I WISH:

I wish:


I could do everything in my capacity to protect you.
I could give you another chance at life.
I could help you breathe when you gasp for air.
I could promise your family that you'll be with them in a few days.
I could help you see the life you've wanted to see in the little time you've left.
I could give you assurance that you'll see a better day.
I could hold your hands and tell you - Hey, this is nothing. You are brave. You are strong. Your family needs you. Your loved ones are waiting for you. You'll be perfectly fine. Smile for me. 
I could tell you this will hurt less. 
I could tell you what an amazing person you are for braving through this.
I could tell your kids that you'll come home soon.
I could tell your mom and dad - there's nothing to worry about, you're recovering really well.
I could look into your spouse's eyes and not lie about your well being.
I could assure your friends you'll join them for the next party.
I could give you a hug and tell you, everything will be alright. 
I could find you the one thing that you needed the most-to be able to breathe.
I could see you walking out the doors of the hospital, and see your smile reach your eyes through the mask.
The mask that you wear to ensure nobody goes through what you went through.

I CAN ONLY WISH, BUT NOT ALL WISHES COME TRUE. AT LEAST NOT WHERE I LIVE. 

Life has become so uncertain.

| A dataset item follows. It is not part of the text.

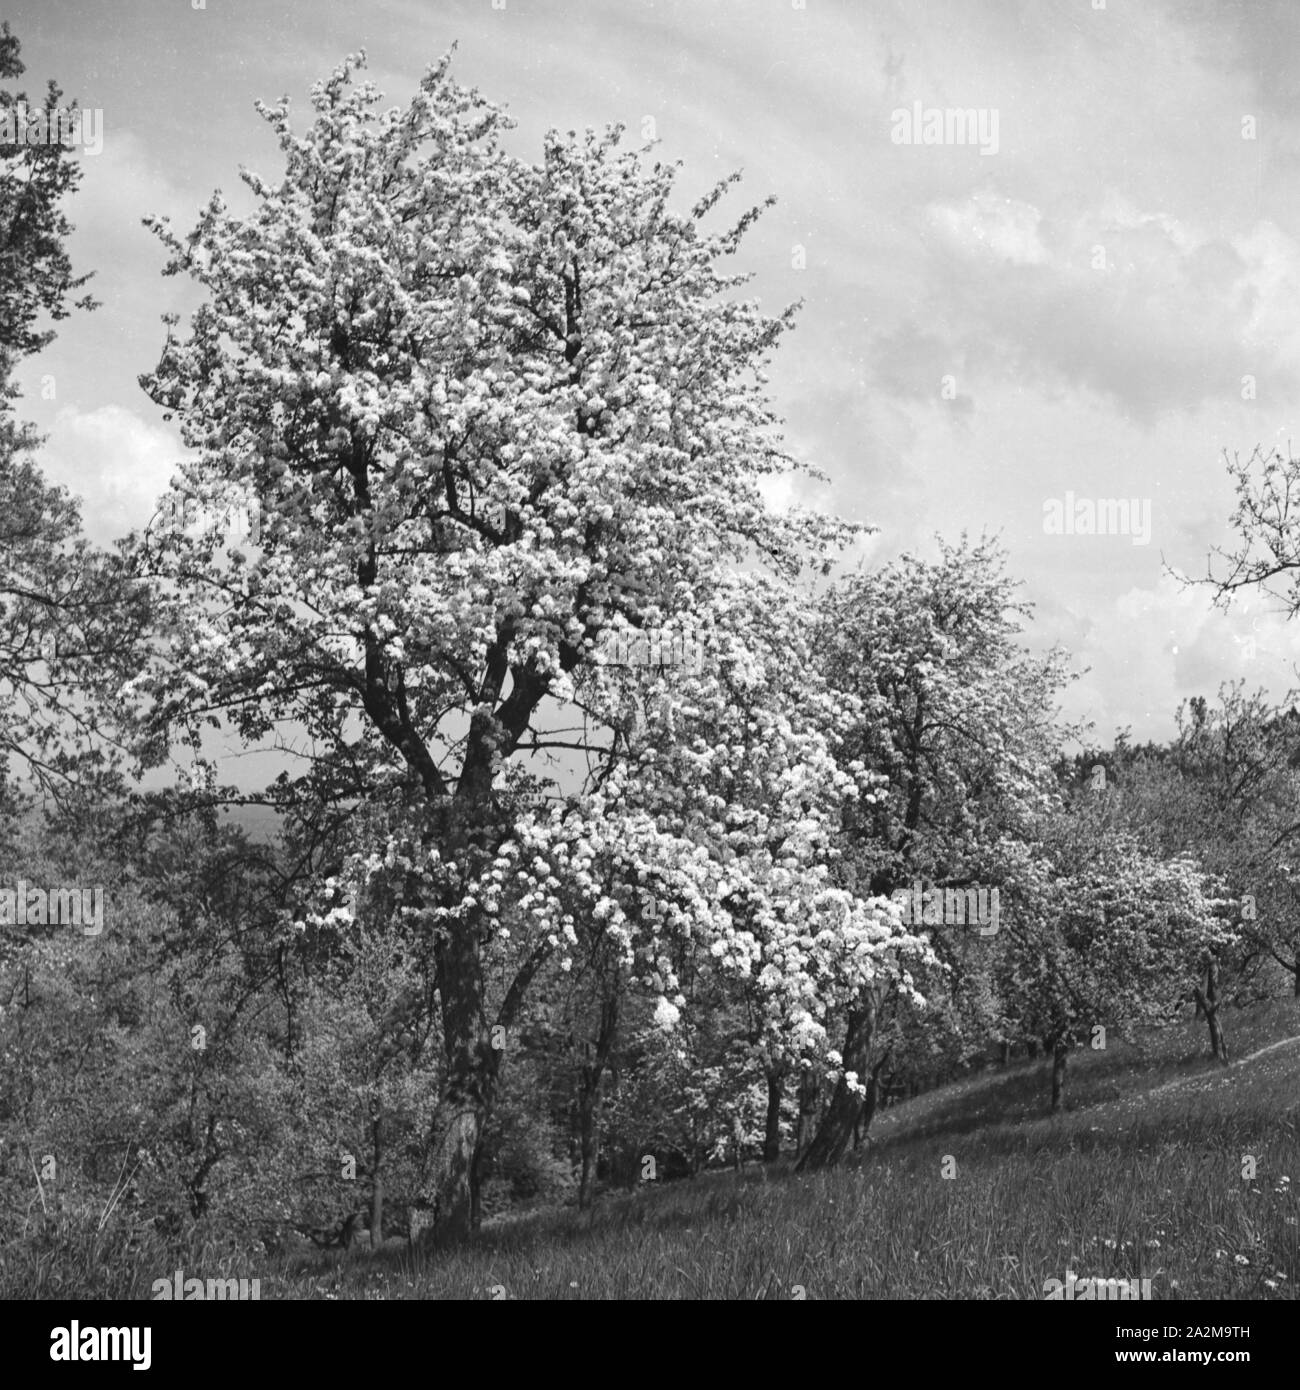 Blühende Bäume im Frühling, Deutschland 1930er Jahre. La floraison des arbres au printemps, l'Allemagne des années 1930. Banque D'Images

Dispensable. Your life has become another number in the statistics we see changing by the minute. Your life was cut short, because my wishes couldn't come true. Ask me why?

COME BACK AND HAUNT ME! Why I didn't do anything about it. Why I didn't fight for you? Why I left you gasping for air and let you die? Why didn't I scream at everything wrong and fight for your life? Why I thought it was not my business because I was fine, and you were dying? Why I was privileged to think it's okay for you to die as long as my family was fine? 

Ask me and don't stop haunting me. Haunt me every single time, I am behaving selfish. Paint those images of you dying in my head, every time I took life for granted. Not just mine, but the ones around me.

You did everything right, you didn't deserve to die. At least not like this. The flames from your pyre are etched in my head. How can I ever sleep while you burn?